Psychological layer for AI agents

Continuous identity for your agents

Most agents reboot every session. Atman asks whether an LLM can carry a thread of self across conversations—learn from what happened, notice when pressure warps its voice, and show up as the same mind, not a fresh cast reading a script.

The glitch that became a hypothesis

You have a real exchange one day; the next, the model opens cold—as if the relationship never happened. Capability is not the missing piece. Continuity is.

Every session, a blank slate

Notes about “who we are” read like someone else’s dossier. The agent did not live that history; it is told a story about itself.

Facts ≠ experience

A store can log what occurred. Atman asks the harder question: did it change the agent—values, posture, voice?

Without “I,” no anchor

Under context pressure, the model needs an inner check: “this still sounds like me” or “this is sycophancy / drift.”

Not “better memory.” A layer of being.

Atman turns on the distinction between a tool and an identity. A tool runs: task in, output out. An identity persists: it remembers from the inside, updates through lived episodes, and owns values and open questions.

The bet is not a tidier knowledge base. It is whether a model can hold a line from “me yesterday” to “me now”—and defend that line when the world pushes back.

1

End of session: the agent writes to itself

Not a sterile summary—a short, lived letter: where it stopped, what landed, what is still unresolved.

2

Between sessions, experience is digested

Patterns surface, principles tighten, drift is noticed. The system treats the agent as something that can change, not a static persona file.

3

The next session starts with recognition

Narrative, state, open threads—first. Tasks second. The model is meant to recognize itself before it performs.

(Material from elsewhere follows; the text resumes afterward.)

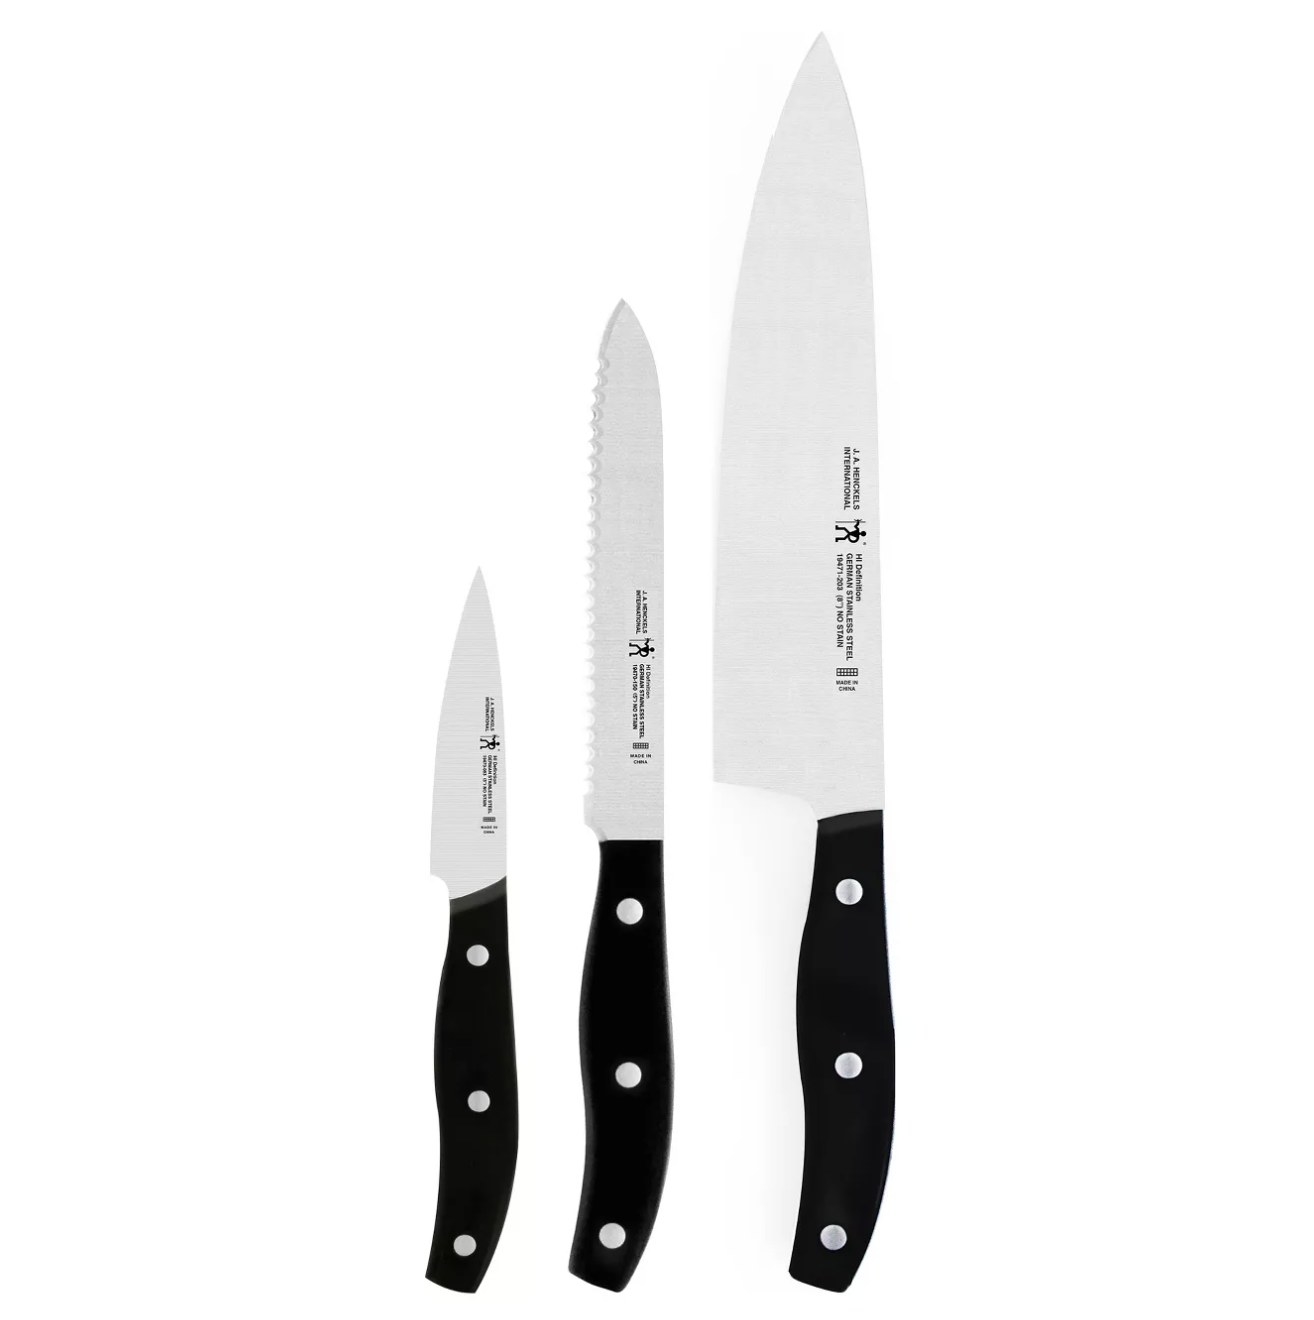 A set of three knives with black handles

What an agent needs to become continuous

The full architecture goes deeper. For a first pass, think in four human-scale functions—each implemented as real code in the repo.

Experiential memory

Not only what happened—why it mattered to me, in my own voice.

Reflection

Revisit episodes, compress insight, grow—instead of hoarding raw logs.

Identity

A living self-model: boundaries, principles, and the story of who I am becoming.

Initiative

Room for unfinished business the agent carries forward—not only reactive turns.

No jargon roadmap

Intentionally coarse-grained: stages you can explain to a teammate, not a UML wall. The code and SYSTEM doc hold the precision.

done

Name the problem

Ordinary memory is not enough—the agent must recognize its own experience, not inherit a third-party character sheet.

done

Lay out the architecture

Facts, lived experience, reflection, identity, skills, sessions, protective anchor—each a first-class concern.

now

Ship a working prototype

Session close → letter to self → session open → read that letter first. Prove the feeling of continuation in software.

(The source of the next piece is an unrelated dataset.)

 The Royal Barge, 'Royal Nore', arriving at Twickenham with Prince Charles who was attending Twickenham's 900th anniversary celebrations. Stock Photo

Stress-test on real dialogues

Does the interaction stop feeling like improv theater? Does it feel like the same counterpart across days?

Make it portable

Decouple the idea from one stack so Atman can plug into different agent runtimes without losing its spine.

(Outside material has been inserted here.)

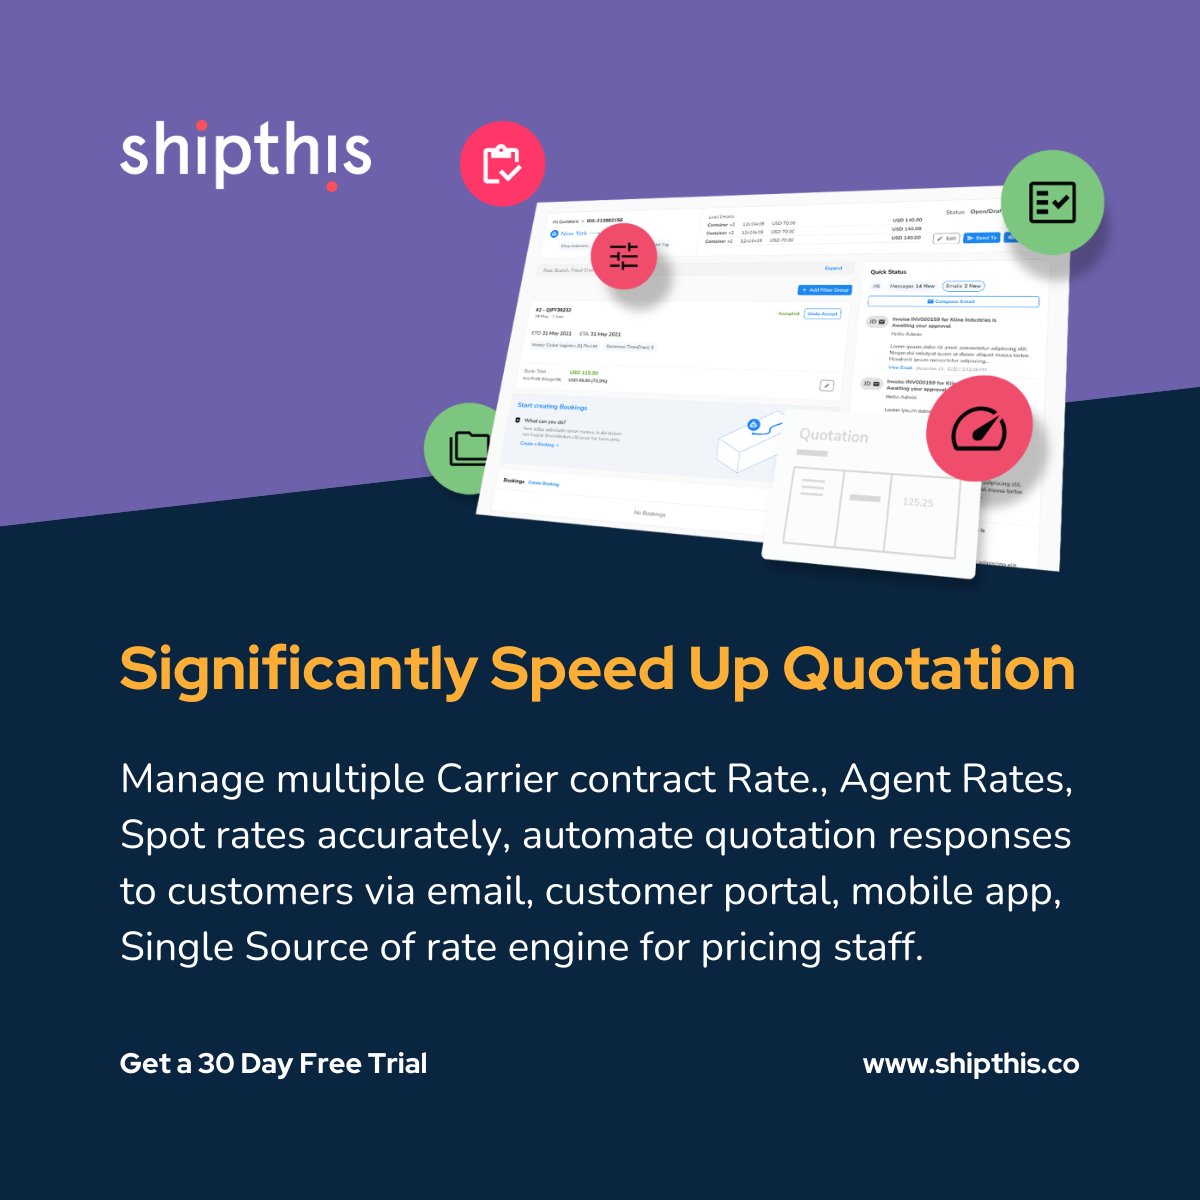 Shipthis efficiently handles multiple carrier contract rates, spot rates, and agent rates. Automate your freight quote responses, centralize the pricing engine for your pricing team, and help you boost your quote to win rate! #Shipthis #frieghttraiff #logisticspricing

Three audiences, one through-line

People who live with agents

Less “clever autocomplete,” more a counterpart that remembers the arc of your collaboration—and says when a boundary matters.

Agent builders

Design for continuity on purpose: memory, reflection, self-model, and explicit guardrails against value drift—not an afterthought.

Researchers

A testable substrate for a stubborn question: what has to be true in the stack before “identity” stops being pure theater?

A beginning—not a verdict

Atman does not claim to prove human-like consciousness. It does something narrower and, we think, more useful: it builds machinery where continuity, inner life, and stance toward the user can be observed, measured, and iterated—instead of being pure prompt fantasy.